This is still incomplete, but core and flaskparser tests are now passing. No work is (yet) included on other concrete parsers, but I fixed the base asyncparser to make mypy linting pass.

Resolves #419, #267, #164, #268
Obsoletes, and therefore closes, #410

I've updated the changelog with a basic "statement of intent". As I work on this, I will try to maintain it as an accurate record of how this change should look to the outside world. Obviously, narrative docs also need to be updated with relevant info.

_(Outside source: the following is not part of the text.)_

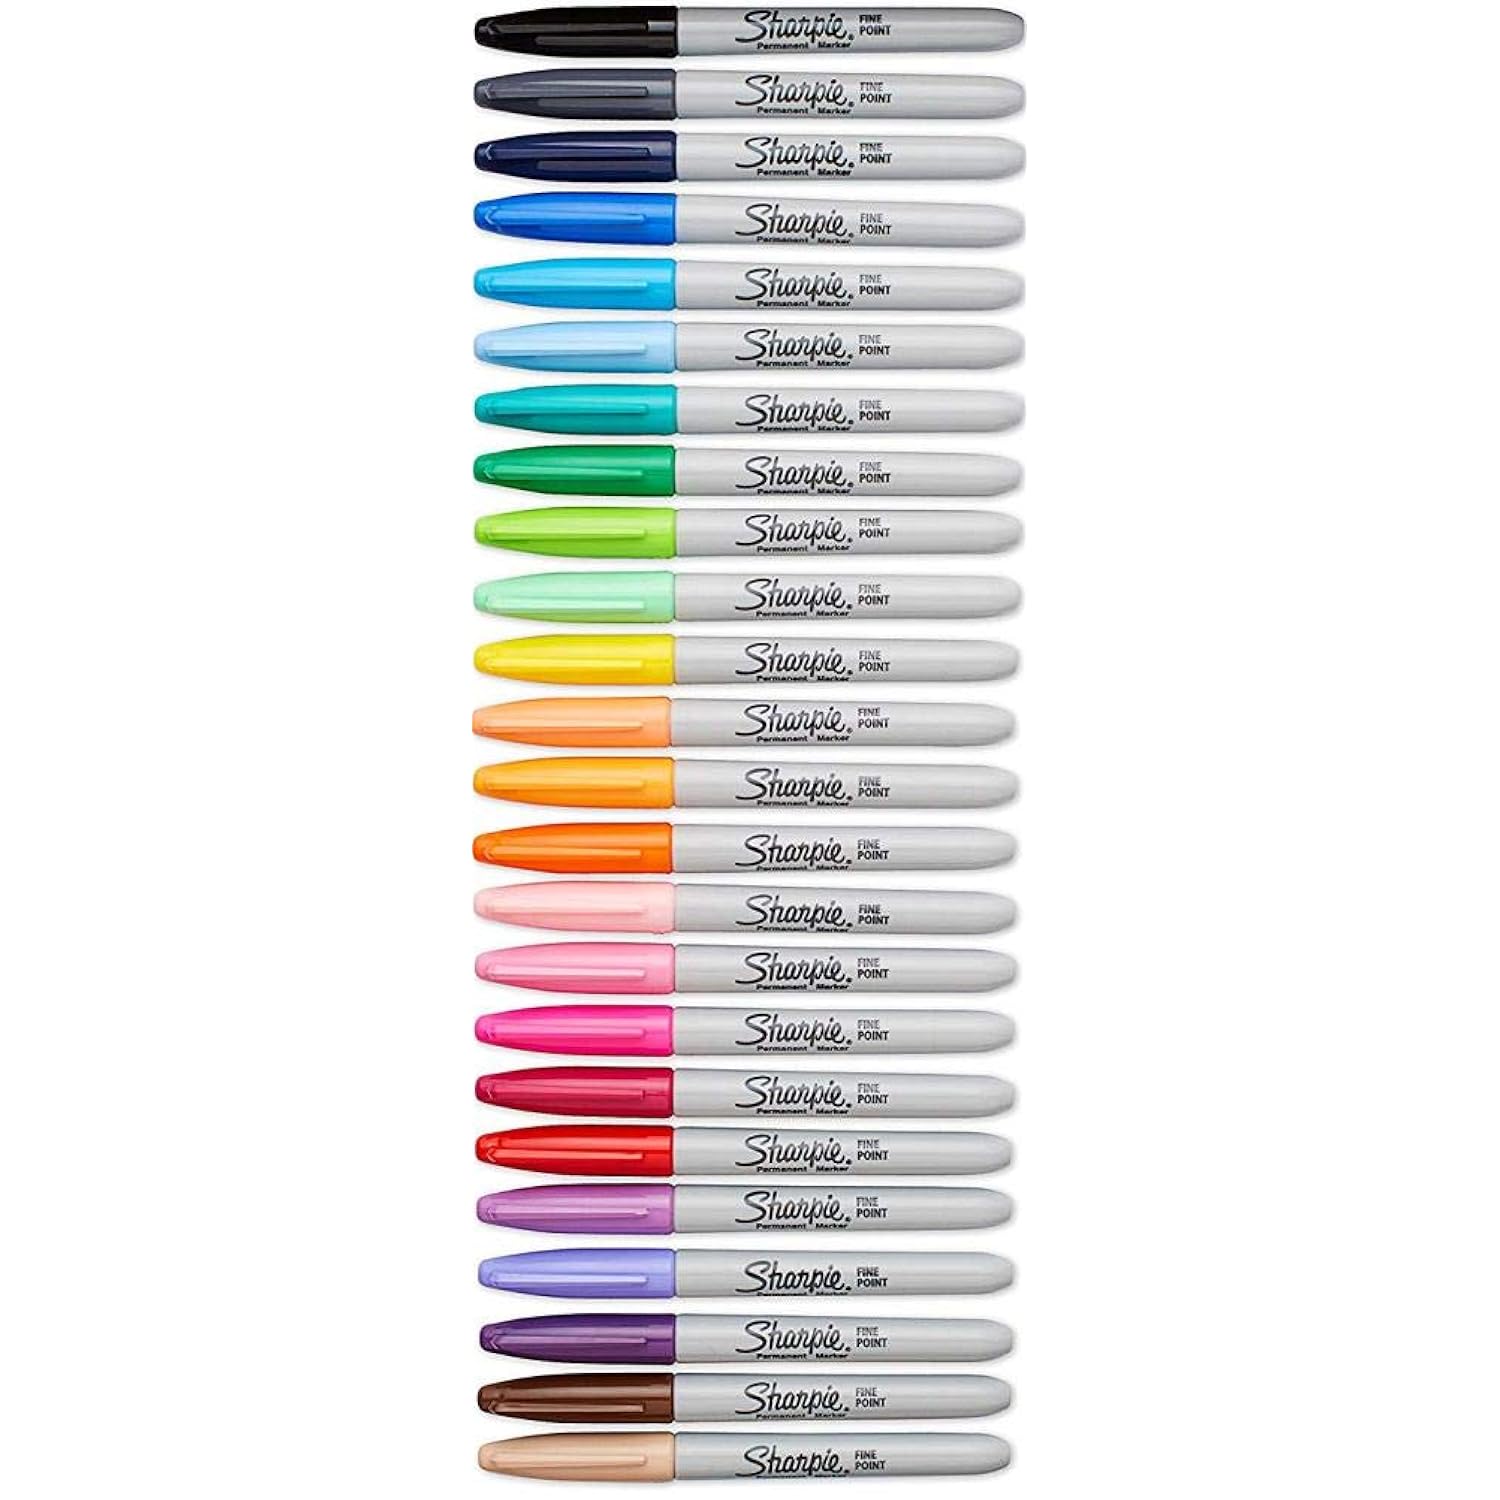 Sharpie 75846 Fine Point Permanent Markers, Assorted Colors; 4 Sets of 24 Markers, Total 96 Markers; Proudly Permanent Ink …

Highlights / greatest hits:

  • Marks this as an unreleased v6.0.0 in the changelog
  • Replace DEFAULT_LOCATIONS with DEFAULT_LOCATION="json"
  • Replace parse_{location} with location_load_{location}
  • Replace locations=<iterable> with location=<str>
  • Remove locations=... from Fields
  • Remove Parser.parse_arg
  • Remove webargs.core.get_value
  • Add webargs.multidictproxy.MultiDictProxy which has get_value-like behavior and proxies various dict-like objects
  • Reverse the decision made in aiohttpparser: Fix 500 error with JSON content-type and empty body #297 with a comment in tests explaining this change and a bit of similar explanation in the commit message
  • Numerous fixes to tests to be more explicit about which location is being used (since you can't trivially have a single location /echo which loads data from a bunch of locations)
  • As a side-effect of the above changes, certain inputs which were previously ignored are treated as errors (e.g. 1 for a JSON body will now parse and be passed literally to the schema, which will fail because 1 is not a valid input for schema.load). Changes to the tests serve as a somewhat-readable list of behavioral changes.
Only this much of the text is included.